Grants from tech billionaire to speed up science research
By EDEN STIFFMAN
The Chronicle
of Philanthropy
Patrick Collison, the now 34-year-old billionaire CEO of the online payments company Stripe, and economist Tyler Cowen worried scientific progress seemed to be slowing down. They wanted to chage that. Collison and his brother, John — a Stripe co-founder — contributed and along with Cowen raised more than $50 million from some of the biggest names in tech: Jack Dorsey, Elon Musk, and Peter Thiel. Mark Zuckerberg and Priscilla Chan and former Google CEO Eric Schmidt and his wife, Wendy. Fast Grants is one of many science improvement projects launched, channeling hundreds of millions of dollars into research labs and nonprofits to address what they view as problems with how government agencies and institutional philanthropies fund science.
In March 2020, an experiment in science philanthropy was hatched in the span of a five-minute call.
Patrick Collison, the now 34-year-old billionaire CEO of the online payments company Stripe, and economist Tyler Cowen were chewing over a shared concern: Scientific progress seemed to be slowing down. As the first pandemic lockdowns went into effect, researchers were in a holding pattern, waiting to hear if they could redirect their federal grants to COVID-related work. Collison and Cowen worried that the National Institutes of Health wasn’t moving quickly enough, so they launched Fast Grants to get emergency research dollars to virologists, coronavirus experts, and other scientists rapidly.
“We thought: Let’s just do this,” Cowen recalls. “It was a bit like put up or shut up.”
Collison and his brother, John — a Stripe co-founder — contributed and along with Cowen raised more than $50 million from some of the biggest names in tech: Jack Dorsey, Elon Musk, and Peter Thiel. Mark Zuckerberg and Priscilla Chan and former Google CEO Eric Schmidt and his wife, Wendy.
The first round of grants went out in 48 hours, and later rounds were distributed within two weeks, a drastic difference from the hundreds of days a scientist typically waits to hear from the NIH.
Grants of $10,000 to $500,000 backed early efforts to sequence new coronavirus variants, clinical trials for drugs that could potentially be repurposed, and a simple and reliable saliva-based COVID-19 test. By January 2022, all the money had gone out the door to more than 260 projects.

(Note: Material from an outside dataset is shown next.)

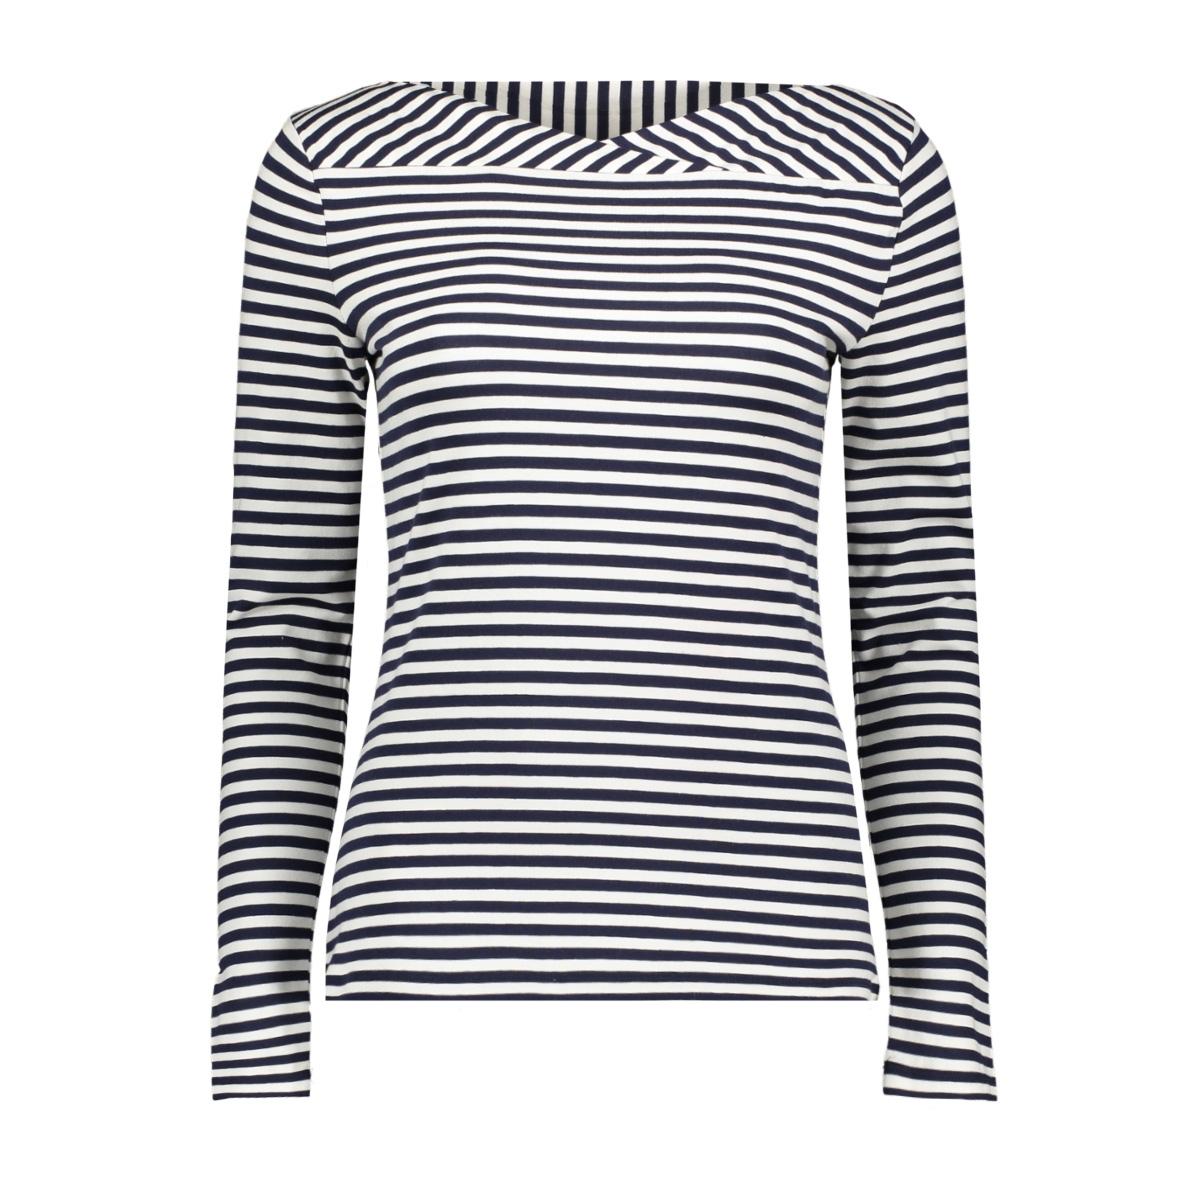 029eo1k007 esprit collection t-shirt e110

Fast Grants is one of many science improvement projects launched or backed by Silicon Valley billionaires since the pandemic began. Donors have channeled hundreds of millions of dollars into research labs and nonprofits to address what they view as problems with how government agencies and institutional philanthropies fund science. They argue that scientists spend too much time seeking funding for grants that are too restrictive and see a need to support high-potential young scientists and risky or speculative projects that are often overlooked or underfunded.
Collison, along with Vitalik Buterin, creator of the Ethereum blockchain platform, and other donors, pledged more than half a billion dollars to the Arc Institute, a new biomedical research nonprofit that wants scientists to focus on science, not chasing grants.
Eric and Wendy Schmidt spun off Convergent Research, a nonprofit helping to incubate independent organizations to develop research tools and niche or underfunded areas of science.
While these contributions are just a drop in the bucket compared with the nearly $50 billion the NIH spends on research each year, they’ve been met with both applause and ambivalence from scientists and philanthropy observers. Many of the experiments are similar to approaches already backed by government, leading some to question whether small-scale funding experiments in science are money well spent. Others question the societal implications when more science research is driven by a handful of tech elites motivated by the “move fast and break things” ethos.
Private donors have long played a role in shaping science in the United States — from the creation of the modern research universities to the independent research institutions of the early 20th century and beyond.
“There is a sort of ‘back to the future’ element to what these guys are doing,” says Eric John Abrahamson, a historian at work on a book about science philanthropy. He sees parallels between today’s donors and Andrew Carnegie and John D. Rockefeller, who wanted to reimagine the institutions of science in the 1910s, ’20s and ’30s.
The federal government became the majority funder of basic science research at universities and nonprofit research institutes in the post-World War II era. Today federal funding for basic science, which provides a foundation for knowledge and discovery rather than solving a specific problem, still exceeds the combined contributions from corporations, universities, and philanthropy. That margin is narrowing, according to National Science Foundation surveys.
The impact of private donors has grown since the 1990s, says France Córdova, president of the Science Philanthropy Alliance, which works to increase giving to science research.